Мы привыкли говорить в Новой Англии, что все меньше и меньше голубей посещают нас каждый год. Наши леса не дают им корма. Так, по-видимому, все меньше и меньше мыслей посещают каждого растущего человека из года в год, ибо роща в наших умах опустошена, — продана, чтобы питать ненужные огни амбиций, или отправлена на мельницу, и едва ли осталась веточка, на которую они могли бы присесть. Они больше не строят и не размножаются с нами. В какой-то более мягкий сезон, быть может, слабая тень проносится по ландшафту ума, отброшенная крыльями какой-то мысли в ее весенней или осенней миграции, но, глядя вверх, мы не в состоянии обнаружить субстанцию самой мысли. Наши крылатые мысли превращены в домашнюю птицу. Они больше не парят, и они достигают только величия Шанхая и Кохинхины. Те вели-и-кие мысли, те вели-и-кие люди, о которых вы слышите!

Мы обнимаем землю, — как редко мы поднимаемся! Мне кажется, мы могли бы возвысить себя немного больше. Мы могли бы залезть на дерево, по крайней мере. Я нашел свою выгоду в лазании по дереву однажды. Это была высокая белая сосна, на вершине холма; и хотя я хорошо испачкался смолой, я был хорошо вознагражден за это, ибо я открыл новые горы на горизонте, которых никогда не видел раньше, — так много больше земли и небес. Я мог бы ходить вокруг подножия дерева в течение семидесяти лет, и все же я, конечно, никогда бы их не увидел. Но, прежде всего, я обнаружил вокруг себя, — это было в конце июня, — только на концах самых верхних ветвей, несколько крошечных и нежных красных конусообразных цветков, плодородный цветок белой сосны, смотрящий в небо. Я сразу же принес в деревню самую верхнюю верхушку и показал ее незнакомым присяжным, которые ходили по улицам, — ибо была судебная неделя, — и фермерам, и лесоторговцам, и дровосекам, и охотникам, и никто никогда не видел подобного раньше, но они удивлялись, как упавшей звезде. Расскажите о древних архитекторах, заканчивающих свои работы на вершинах колонн так же совершенно, как на нижних и более видимых частях! Природа с самого начала расширяла крошечные цветы леса только к небесам, над головами людей и незамеченными ими. Мы видим только цветы, которые под нашими ногами на лугах. Сосны развивали свои нежные цветы на самых высоких веточках леса каждое лето веками, так же над головами красных детей Природы, как и ее белых; однако едва ли фермер или охотник в стране когда-либо видел их.

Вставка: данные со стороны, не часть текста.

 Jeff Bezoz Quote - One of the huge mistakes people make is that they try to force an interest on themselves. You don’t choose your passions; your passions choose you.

Прежде всего, мы не можем позволить себе не жить в настоящем. Блажен выше всех смертных тот, кто не теряет ни момента проходящей жизни, вспоминая прошлое. Если наша философия не слышит крик петуха в каждом дворе в пределах нашего горизонта, она запоздала. Этот звук обычно напоминает нам, что мы становимся ржавыми и античными в наших занятиях и привычках мышления. Его философия спускается к более недавнему времени, чем наше. Есть что-то предложенное ею, что является новым заветом, — евангелие согласно этому моменту. Он не отстал; он встал рано, и держался рано, и быть там, где он есть, — быть вовремя, в передовом ряду времени. Это выражение здоровья и здравия Природы, хвастовство для всего мира, — здоровье, как весна, пробившаяся наружу, новый фонтан Муз, чтобы отпраздновать этот последний миг времени. Где он живет, никакие законы о беглых рабах не принимаются. Кто не предавал своего хозяина много раз с тех пор, как в последний раз слышал эту ноту?

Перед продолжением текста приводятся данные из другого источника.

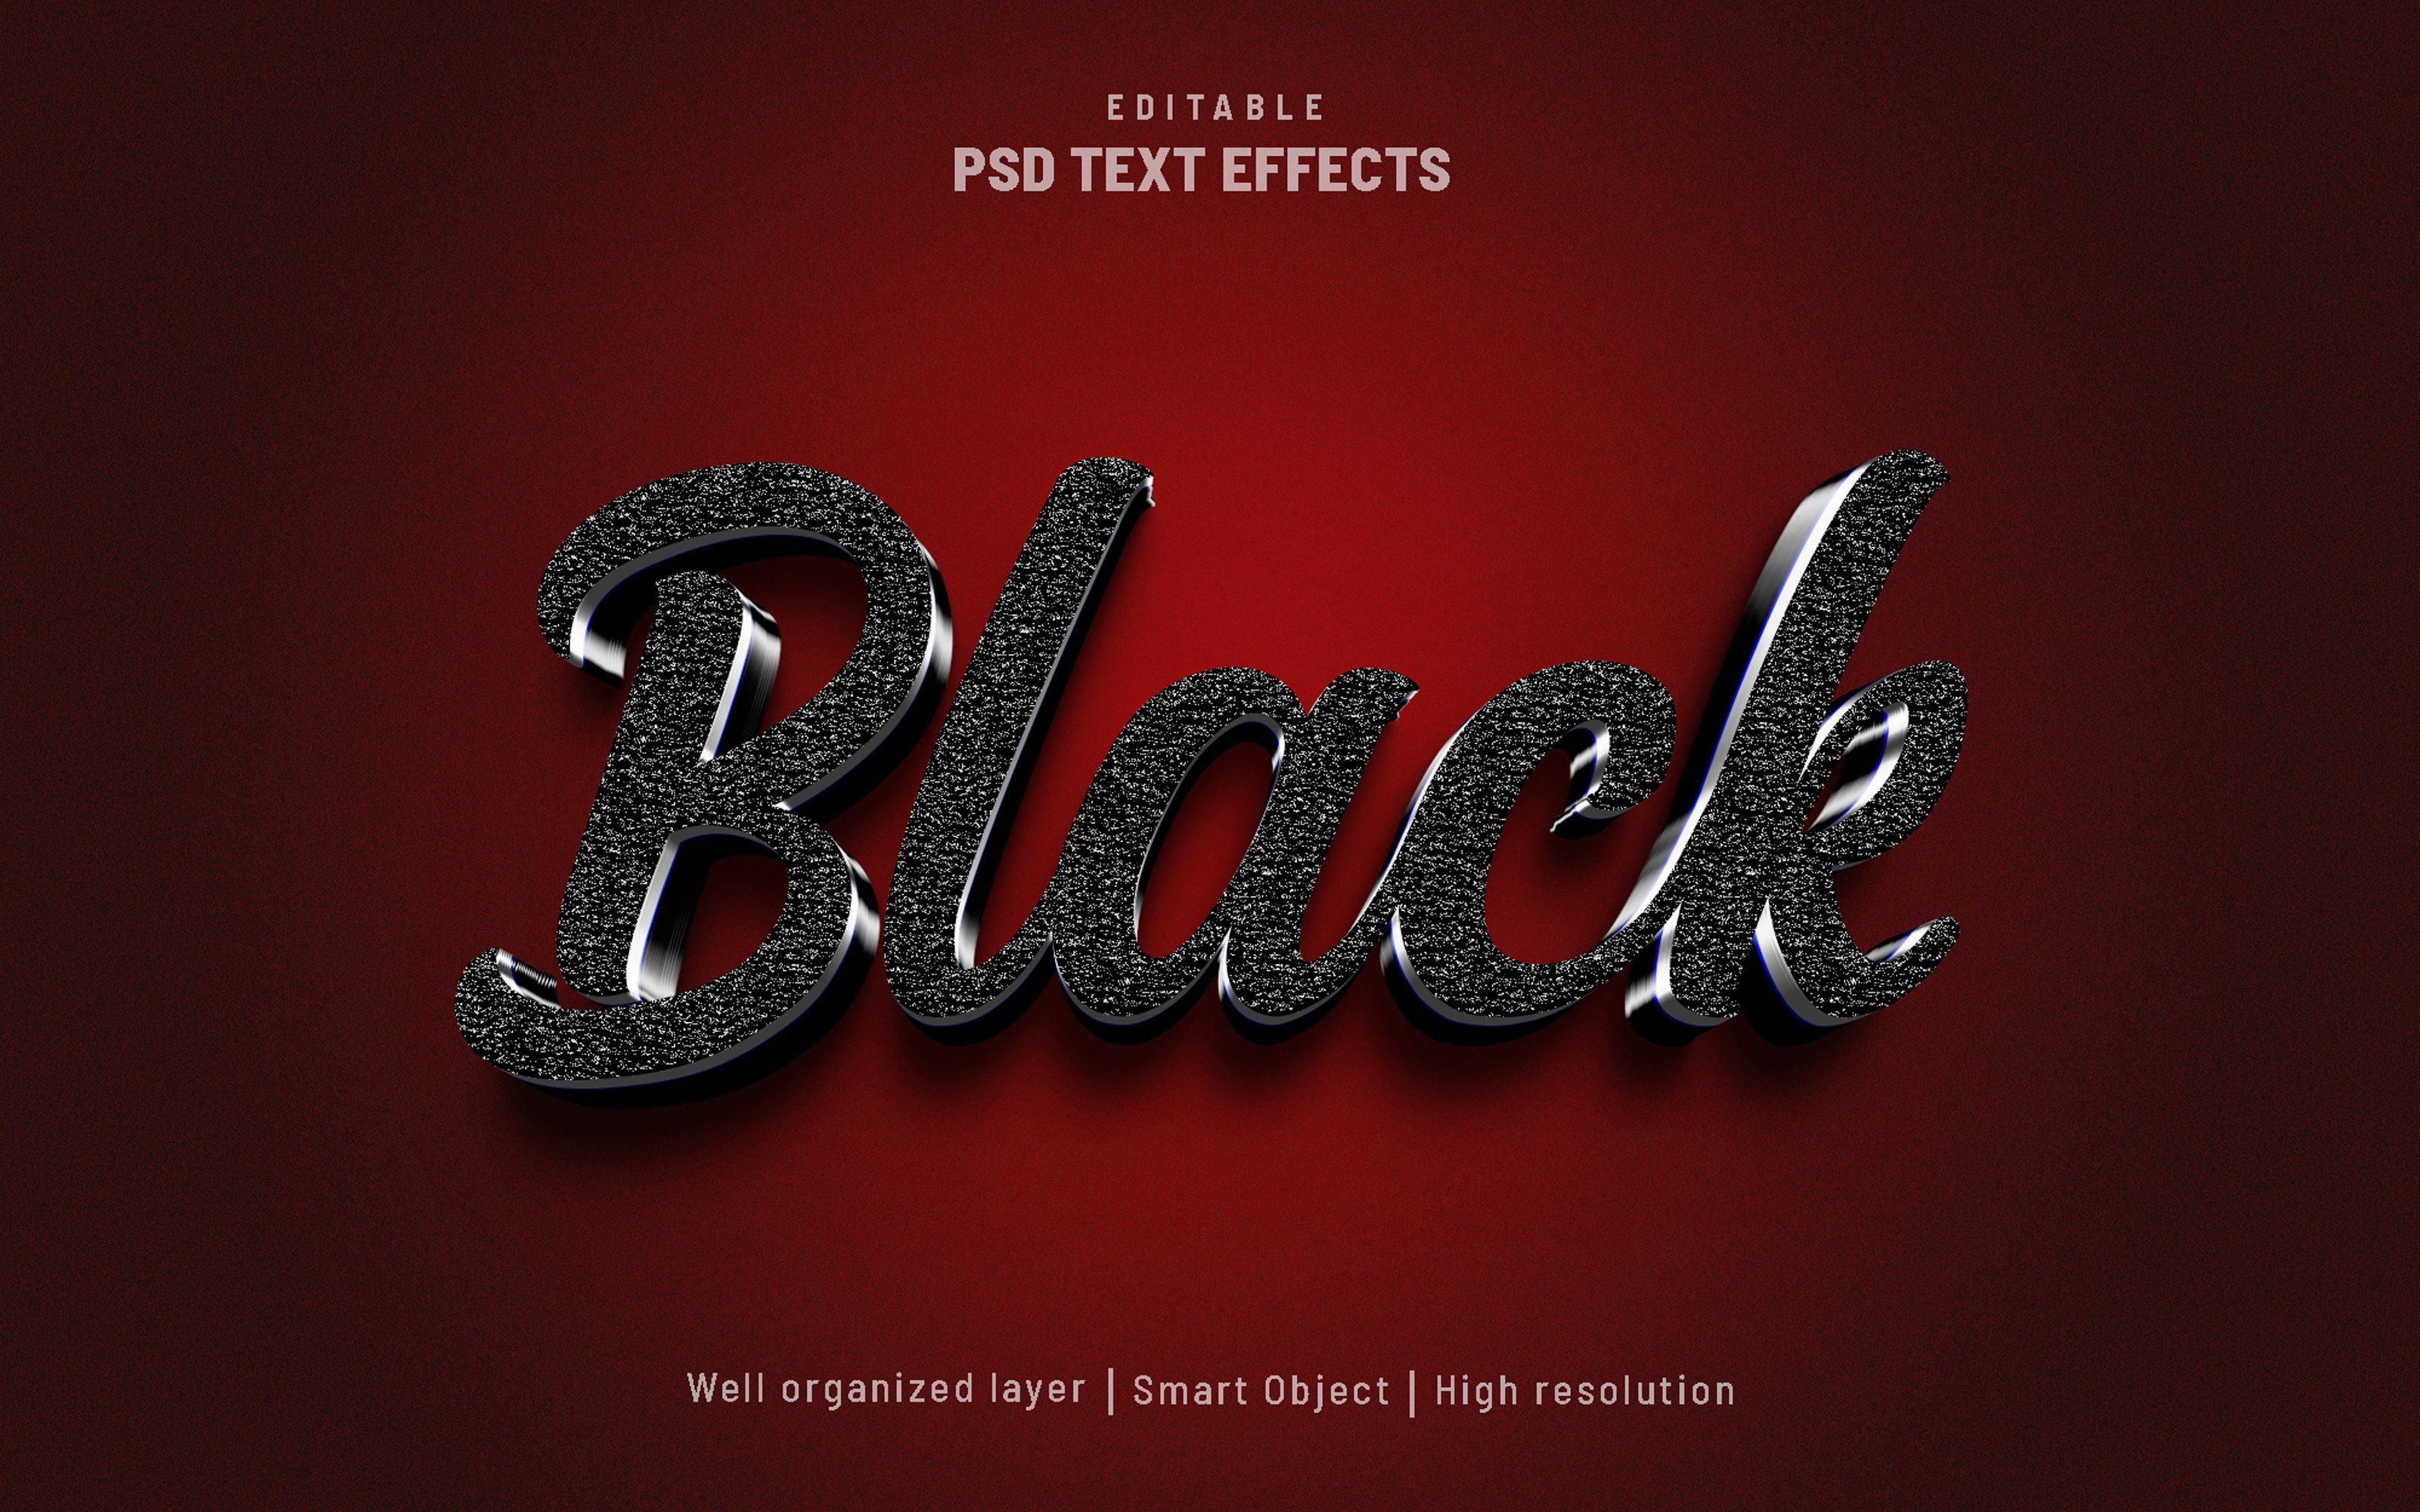 Black editable text effect PSDcover image.

Заслуга трели этой птицы в ее свободе от всякой жалобности. Певец может легко довести нас до слез или до смеха, но где тот, кто может возбудить в нас чистую утреннюю радость? Когда, в унылом настроении, нарушая ужасную тишину нашего деревянного тротуара в воскресенье, или, быть может, наблюдатель в доме скорби, я слышу крик петуха далеко или близко, я думаю про себя: "Ну, по крайней мере, один из нас здоров", — и с внезапным приливом возвращаюсь к своим чувствам.

У нас был замечательный закат однажды в прошлом ноябре. Я гулял по лугу, источнику небольшого ручья, когда солнце наконец, прямо перед заходом, после холодного серого дня, достигло чистого слоя на горизонте, и самый мягкий, самый яркий утренний солнечный свет упал на сухую траву и на стебли деревьев на противоположном горизонте, и на листья кустарниковых дубов на склоне холма, в то время как наши тени растянулись далеко по лугу на восток, как будто мы были единственными пылинками в его лучах. Это был такой свет, который мы не могли себе представить мгновение назад, и воздух также был таким теплым и безмятежным, что ничего не хватало, чтобы сделать рай из этого луга. Когда мы размышляли, что это не одиночное явление, которое никогда больше не повторится, но что это будет происходить вечно и вечно бесконечное количество вечеров, и радовать и обнадеживать последнего ребенка, который гулял там, это было еще более славно.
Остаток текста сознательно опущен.